Adding to your project
Method 1: Use CocoaPods
CocoaPods is great. If you are using CocoaPods (and here's how to get started), simply addpod 'MWFeedParser'
to your podfile and run pod install
. You're good to go!
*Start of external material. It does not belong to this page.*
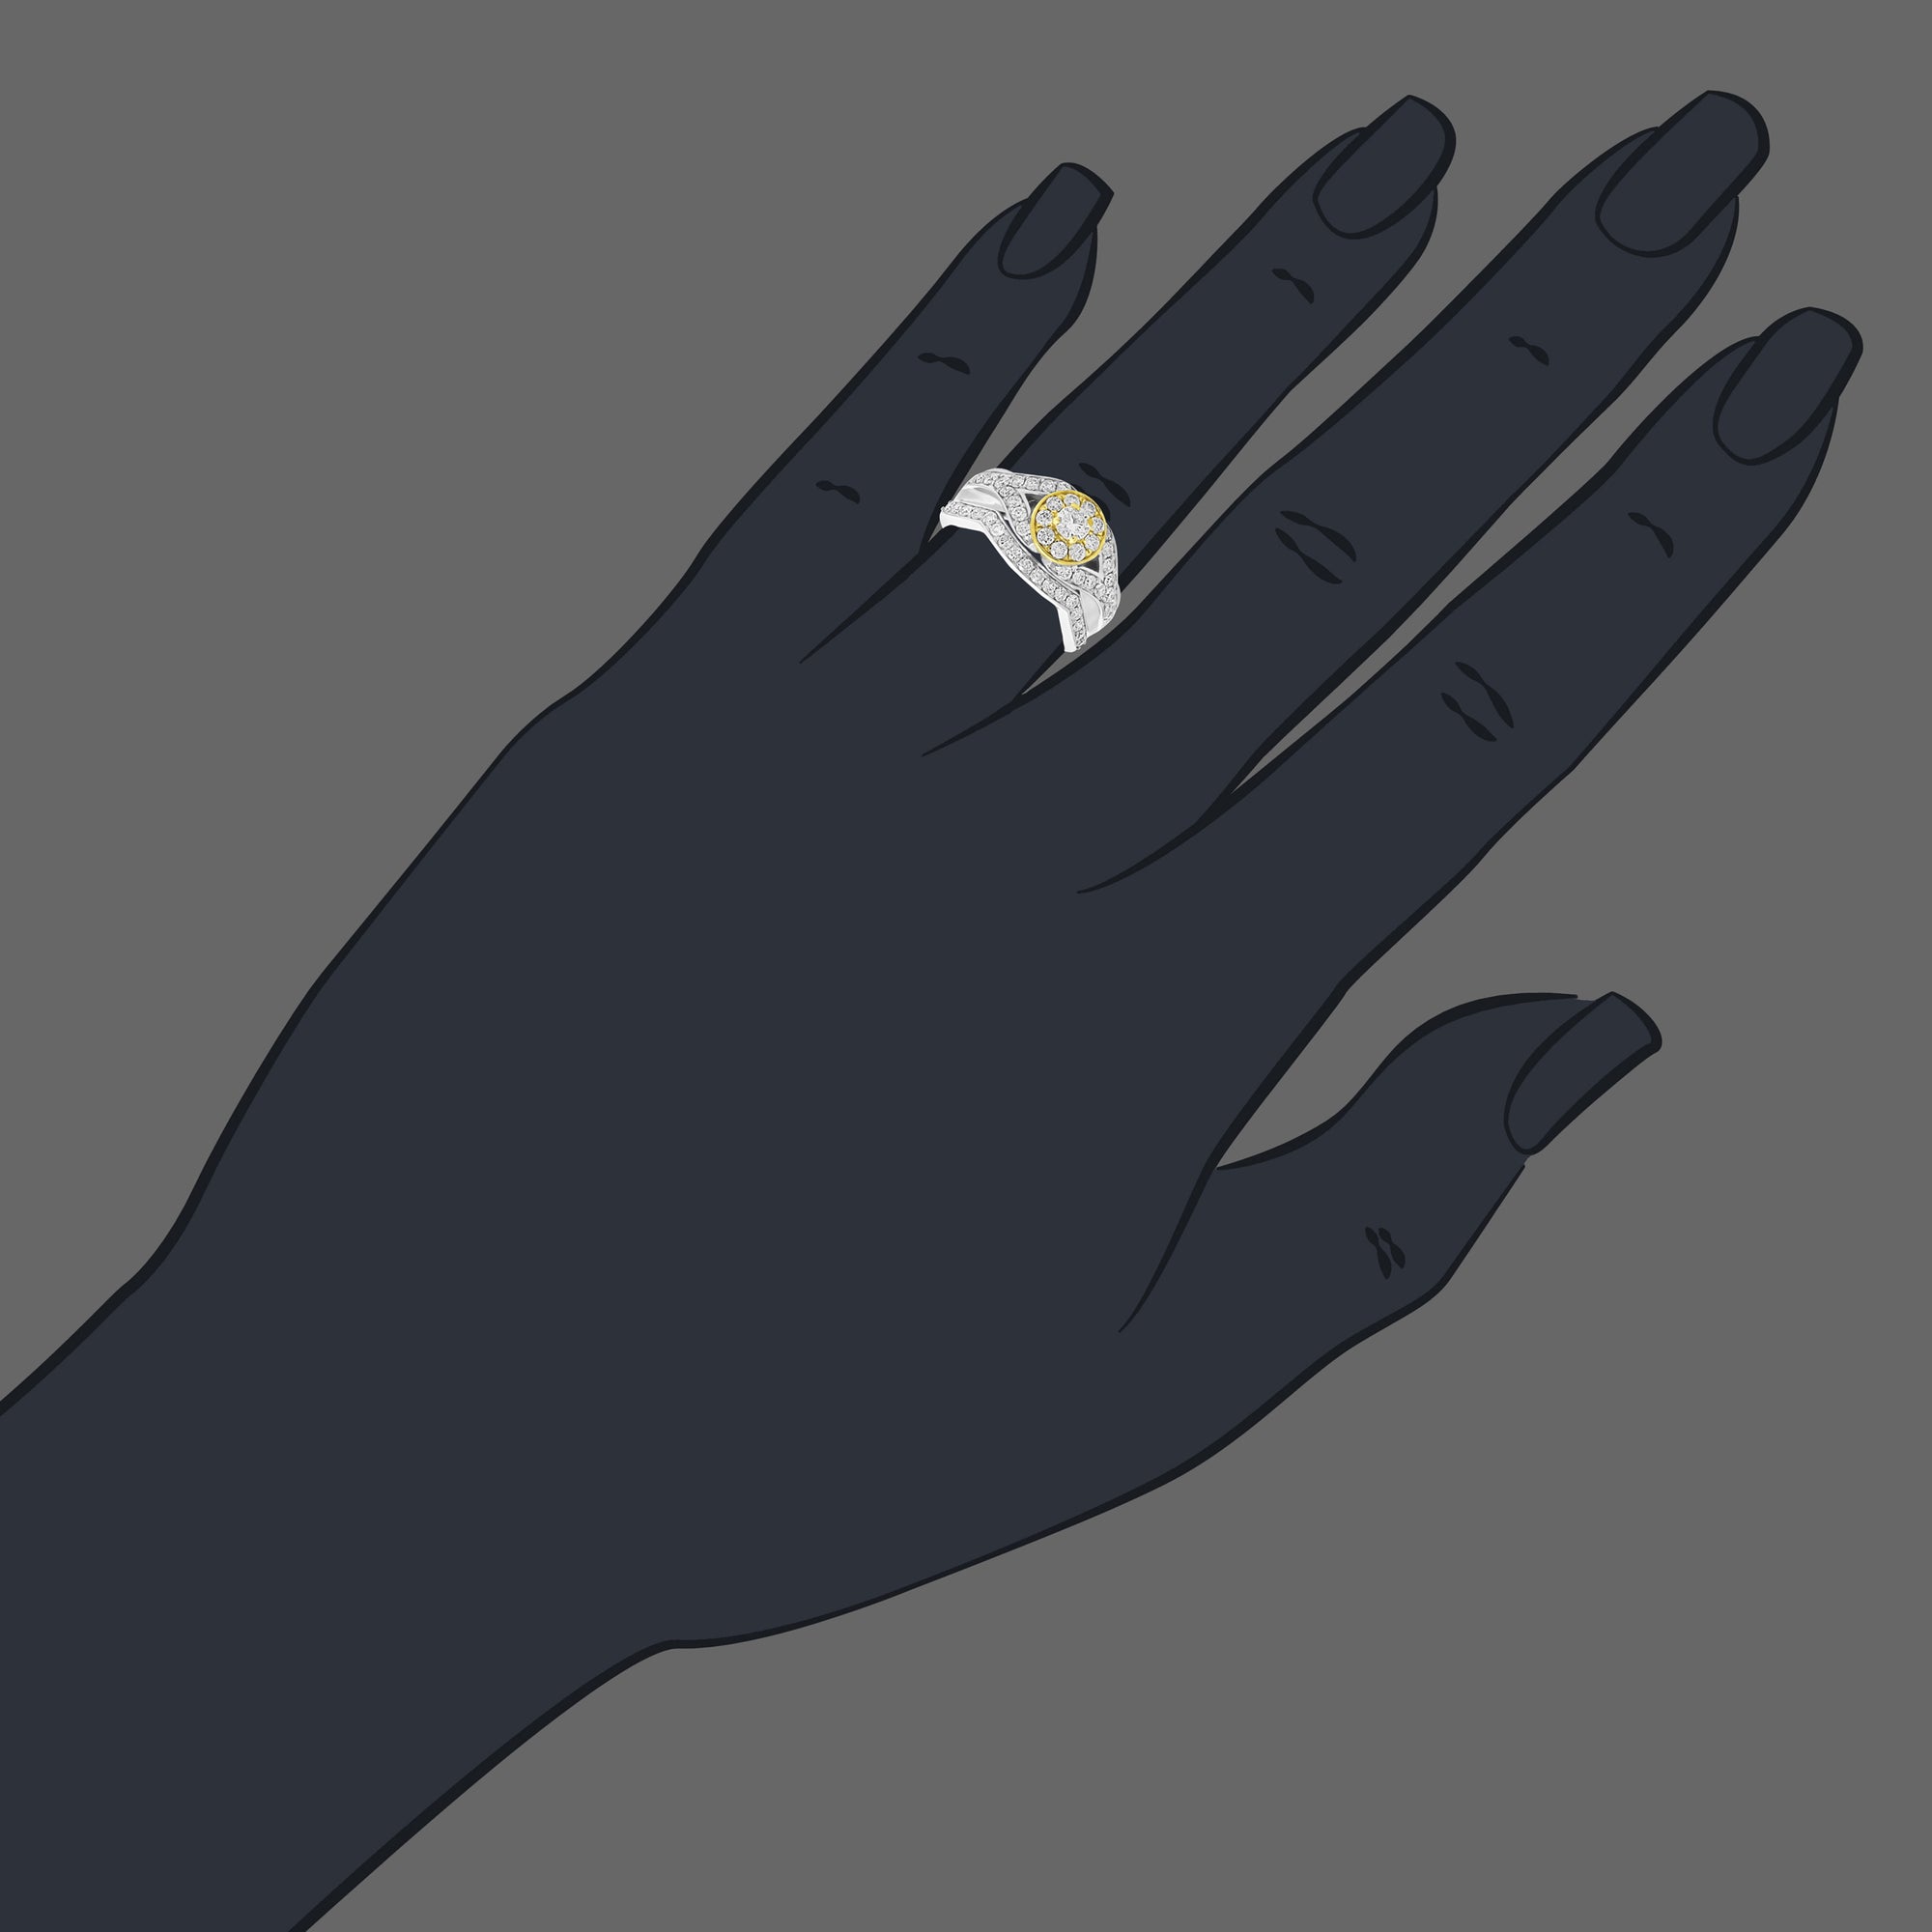 1 cttw Diamond Engagement Bridal Ring Set 14K Two Tone Gold Halo Style Wedding

Here's an example podfile:
platform :ios, '7' pod 'MWFeedParser'
If you are just interested in using the HTML and/or InternetDateTime categories in your app, you can just specify those in your podfile withpod 'MWFeedParser/NSString+HTML'
orpod 'MWFeedParser/NSDate+InternetDateTime'
.
Method 2: Including Source Directly Into Your Project
- Open
MWFeedParser.xcodeproj
. - Drag the
MWFeedParser
&Categories
groups into your project, ensuring you checkCopy items into destination group's folder. - Import
MWFeedParser.h
into your source as required.
Outstanding and suggested features
- Demonstrate the previewing of formatted item summary/content (HTML with images, paragraphs, etc) within a
UIWebView
in demo app. - Provide functionality to list available feeds when given the URL to a webpage with one or more web feeds associated with it.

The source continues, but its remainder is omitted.